Maybe we, as Americans, need to re-think the images of us that our entertainment industry and media pushes out to the rest of the world. It's certainly got a hand in current problems between two religions that have more in common than they don't.

4 comments:

  1. Totally agree with your article how the world views the U.S.A. Holly -weird shows the life styles of many people in our country, we are all Rich (right, not), we drive fancy cars (beat up Olds), and everyone has money to blow (panhandlers showing up at Wal-Mart). These are things that no one sees cares to look at in movies. I also blame the Rag media and magazines with their flesh pushing models (female & male).

    It is totally understandable why Muslims don't want their wives and daughter looking like us. But it also frustrates you when Rich Muslim Men come to our country looking for the American life style to satisfy their sexual needs. Humm, who is the hypocrite here???

    ReplyDelete
  2. Notice that said "rich Muslim men" are usually of the radical ruling elite?

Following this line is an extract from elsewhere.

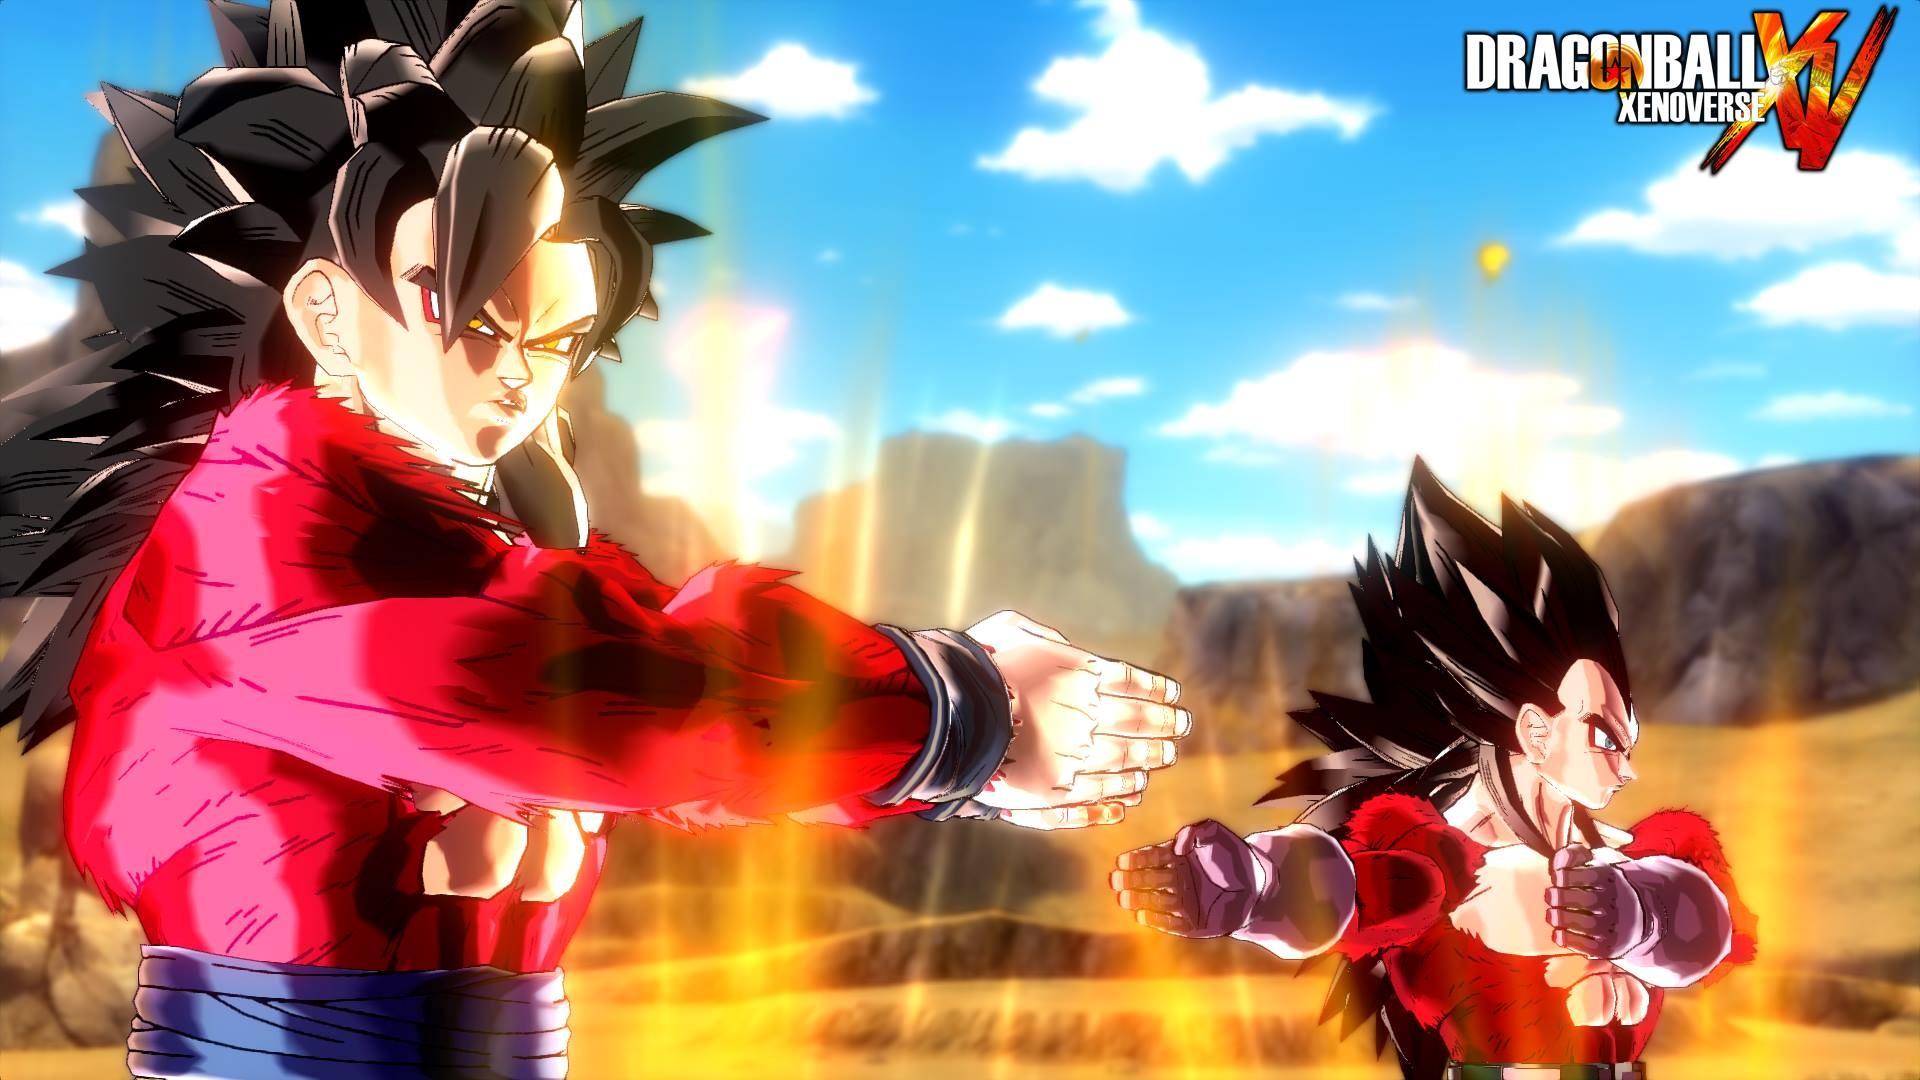 Gohan Wallpaper 3d Dragon Ball Xenoverse Le 2nd Dlc En Images

Really points up the hypocrisy, considering that the moderates that need to start standing up for themselves and their beliefs are the ones who _don't_ come over here and get the real picture.

    At least, they don't unless they're running over here for safety from the radical ruling elite.

    -h

    ReplyDelete
  3. True, but those fleeing here have already figured out that their "uber righteous" leaders have been lying to them anyway.


    The Sibling

    ReplyDelete
  4. Very true, Sib. They do realize it to a certain extent, but they're not the ones who can fight and rescue their religion from the radical segments that control it--there's not much they can do from over here.

    And even they are surprised by how conservative and religious most of America truly is--once they get out of the cities.

    -h

    ReplyDelete

Sorry, folks. A hundred plus spam comments in an hour equals moderation on older posts, so until further notice...you're gonna have to wait for your comments to be approved before they show up.